Two men sentenced more than 20 years ago for murder and Class C felony attempted robbery were not improperly denied post-conviction relief when they couldn’t obtain DNA evidence they said would prove exculpatory, the Indiana Court of Appeals ruled Monday.
Wayne Superior Judge Gregory Horn denied a request for post-conviction relief for the two men convicted of killing Richmond liquor store owner David Hodson in September 1990. Hodson died a day after he was shot. In Lorenzo Reid and Larry Blake, a/k/a Larry Reid v. State of Indiana, 89A01-1208-PC-377, the Court of Appeals affirmed the denial.
Lorenzo Reid was sentenced to 54 years in prison and Larry Blake was sentenced to 44 years for their involvement in the killing.
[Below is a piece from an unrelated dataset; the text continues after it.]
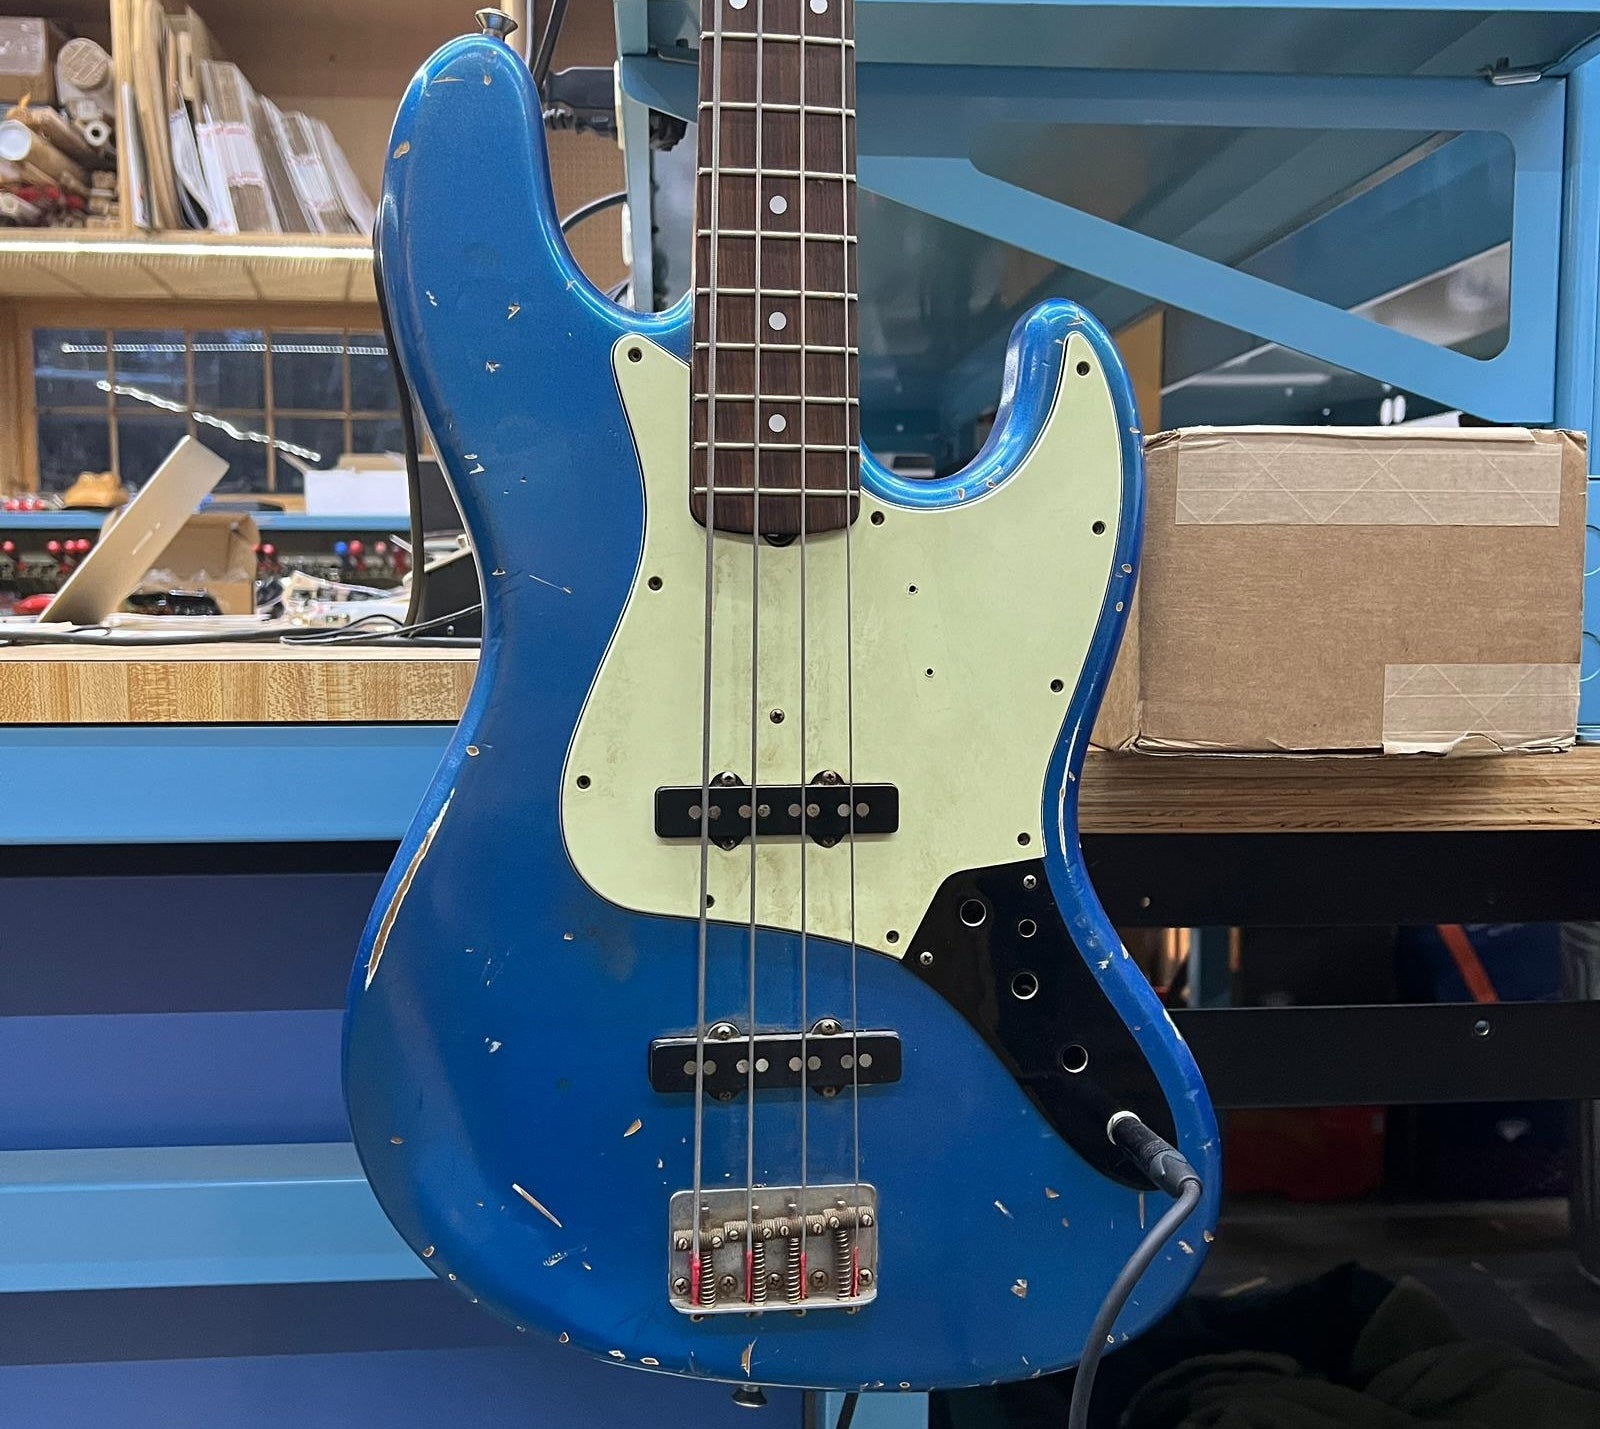 A Jazz Bass used for testing preamps at the Fat Bass Tone Shop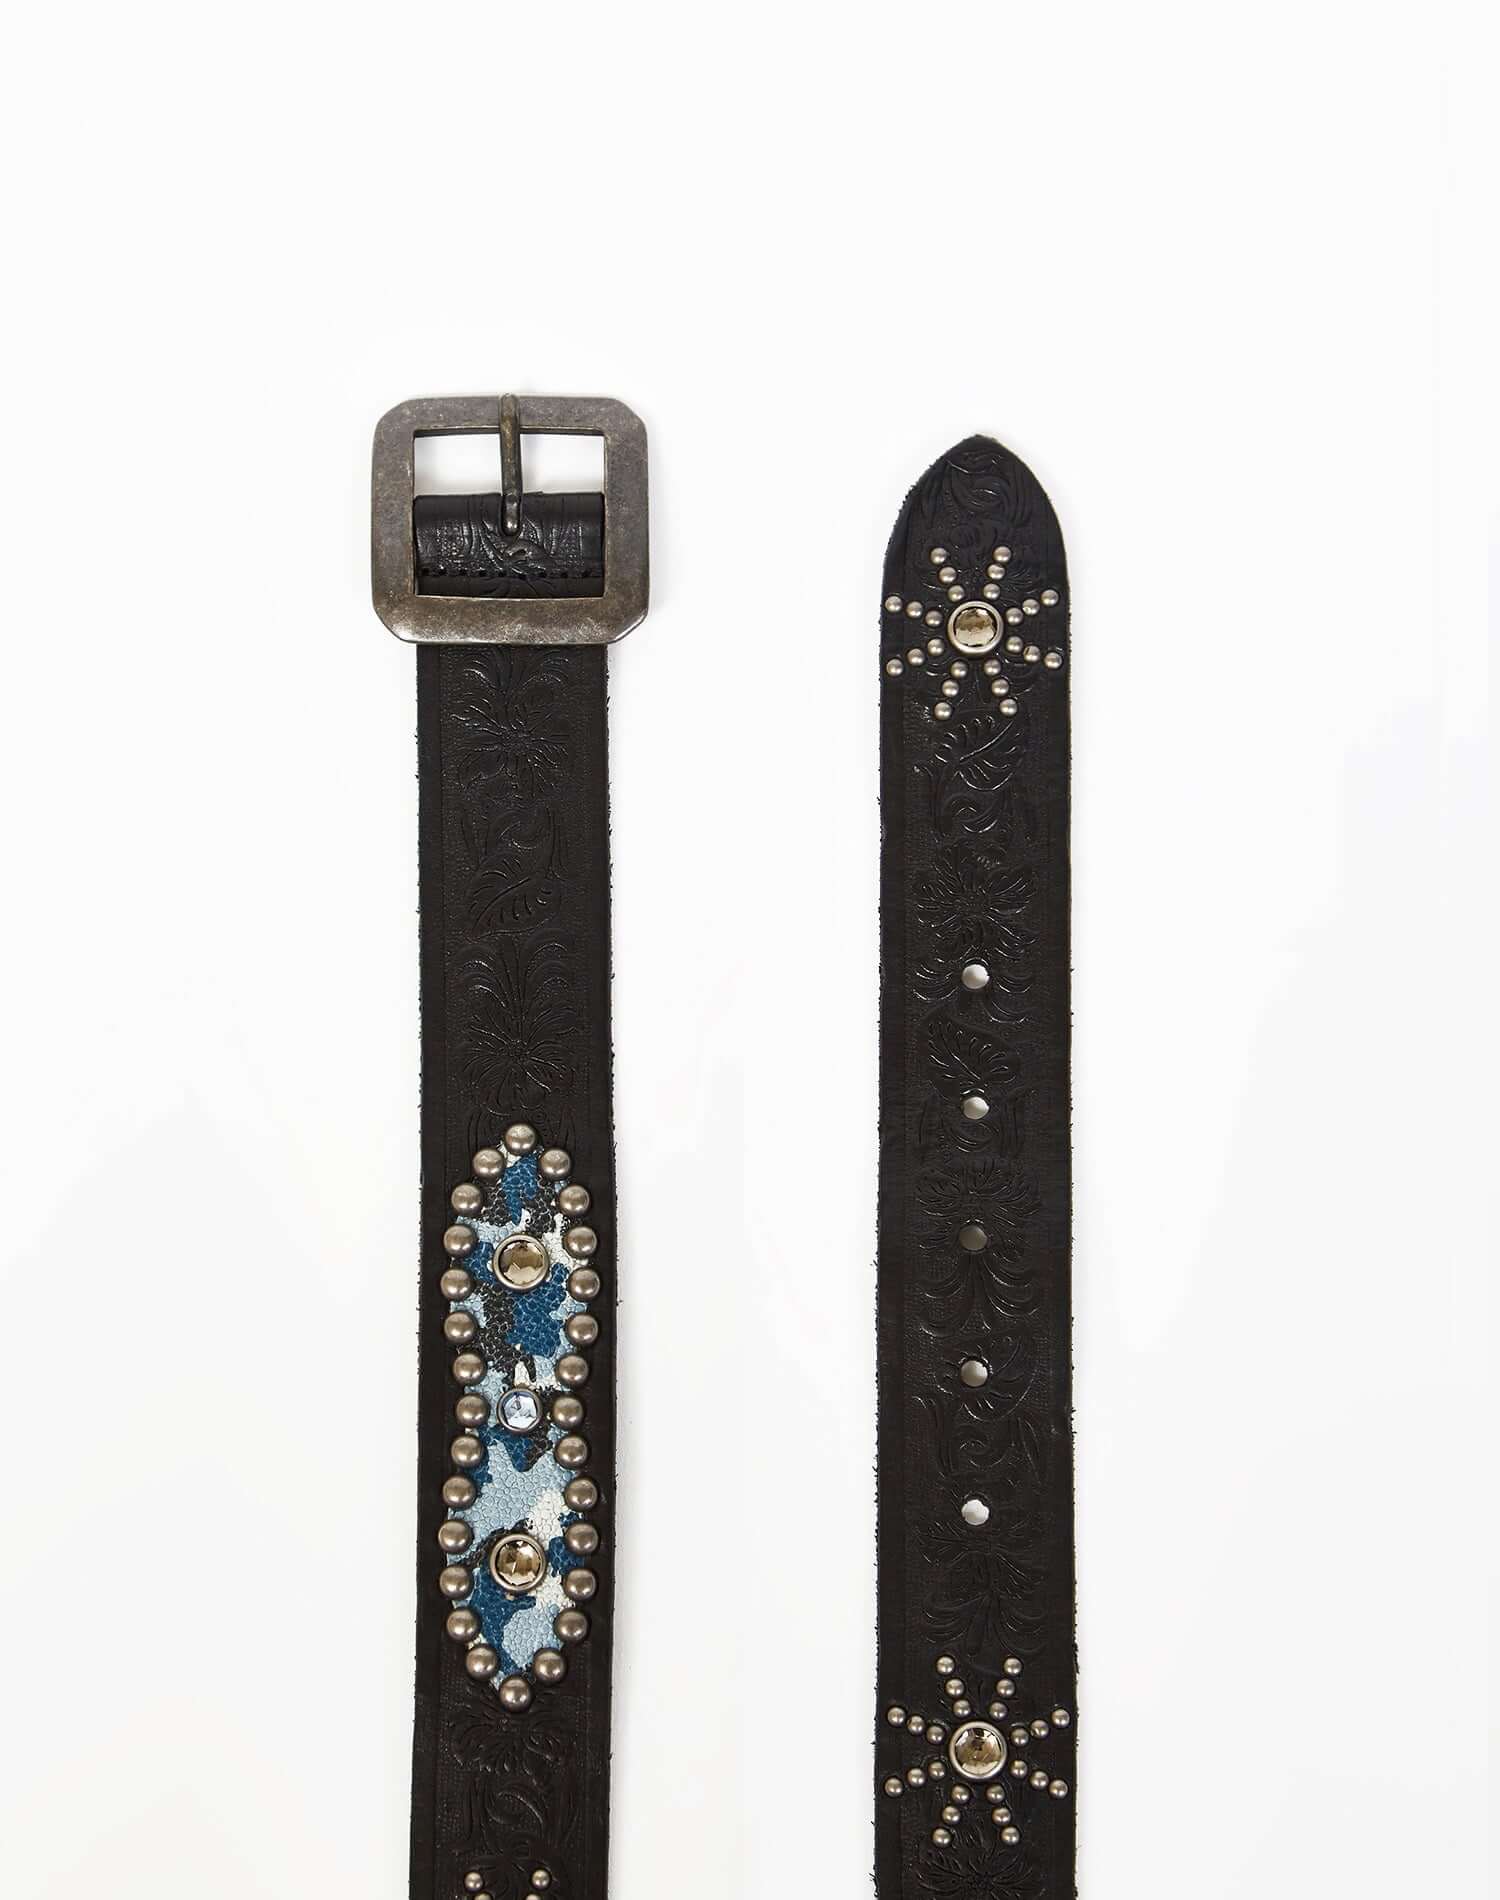 ARMY BELT Black leather belt with carved details. Studded inserts with camo print and rhinestones. Squared zamac buckle. Height: 3,5 cm. Made in Italy. HTC LOS ANGELES

A third person also was believed to be involved, but was never charged, and the defendants believe new DNA testing would reveal that person, as they claimed, committed the crime.
Reid and Blake sought post-conviction relief because they claimed the state failed to preserve or destroyed evidence that would have been exculpatory, an argument the court rejected.
“Appellants argue that their due process rights were violated as a result of the post-conviction loss or destruction of certain DNA evidence. The evidence was available for testing and was tested prior to trial. Appellants had access to the evidence as well as the test results prior to trial, and the results of these tests, which excluded Appellants as potential sources for the DNA, were admitted at trial,” Judge Cale Bradford wrote for the court.
“We conclude that … Appellants do not have a Due Process right to obtain post-conviction access to the State’s evidence for additional testing,” Bradford wrote.
"Even assuming that additional testing could result in finding a match of the DNA evidence obtained at the crime scene, such a discovery would only be potentially useful as it would likely only identify Appellants’ unknown accomplice and would not, in and of itself, prove that Appellants had not committed the crimes for which they were convicted."
The court also rejected arguments of ineffective counsel and that the state failed to disclose that a witness had a possible prior criminal conviction.